Select Page

Here at Sharp Sight, we have a particular philosophy about learning data science: master the fundamentals.

Data science is just like any other skill: if you want to be great at what you do, it pays to master foundational skills. If you look at true masters in any field – art, music, sports – you will consistently see that elite performers focus relentlessly on fundamentals.

But don’t just take my word for it. Listen to many of the most successful people in the world.
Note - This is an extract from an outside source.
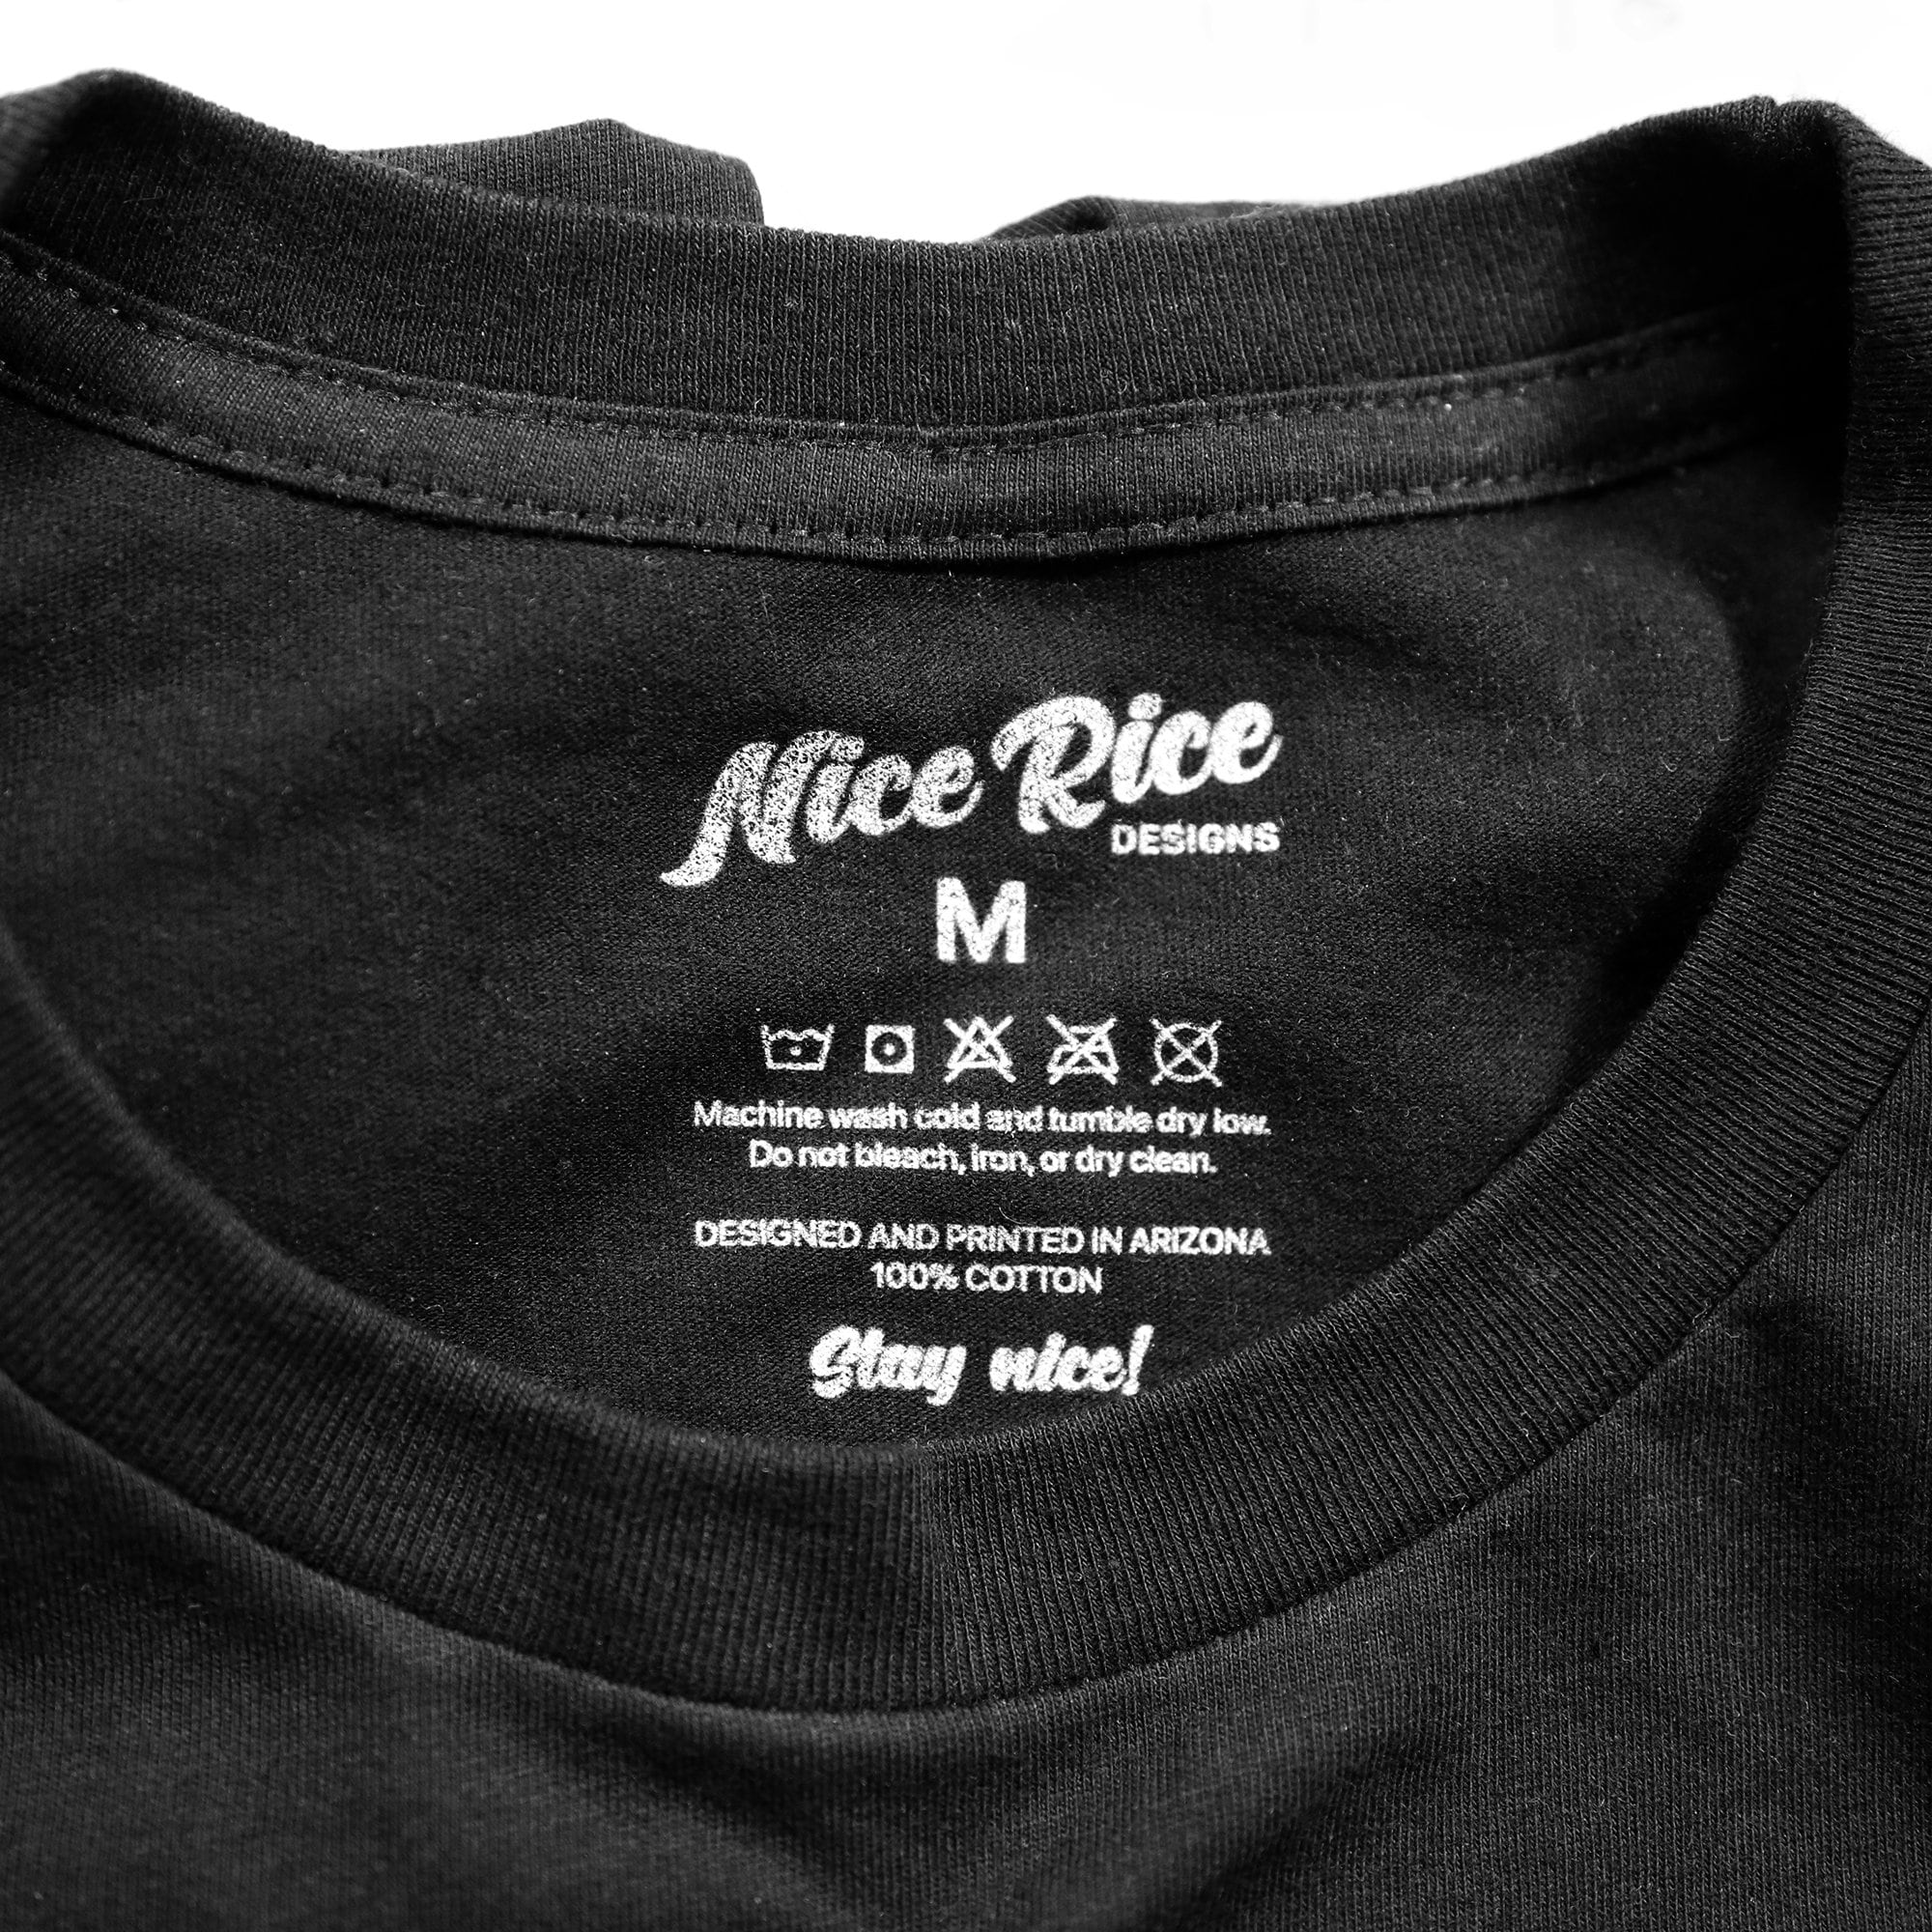 Jesk Shirt by Nice Rice Designs

Elite performers routinely talk about the importance of mastering the basics.

“Get the fundamentals down and the level of everything you do will rise.”
– Michael Jordan

If you want to be a great data scientist, data analyst, or analytics professional, you need to know the core data techniques backwards and forwards.

One of those techniques is the bar chart.

It’s a simple technique. To many people, it feels too simple. It’s not sexy like artificial intelligence.

But on your path to learning advanced techniques, you need to master the fundamentals like the bar chart.

In this post, I’ll tell you everything you need to know about creating a bar chart in `R`‘s `ggplot2` using `geom_bar()`.

How to make a simple bar chart with geom_bar

Ok, later in the post, I’ll show you a large variety of variations of the bar chart. I’ll also explain how ggplot2 works.

But before we do that, let’s just create a simple bar chart.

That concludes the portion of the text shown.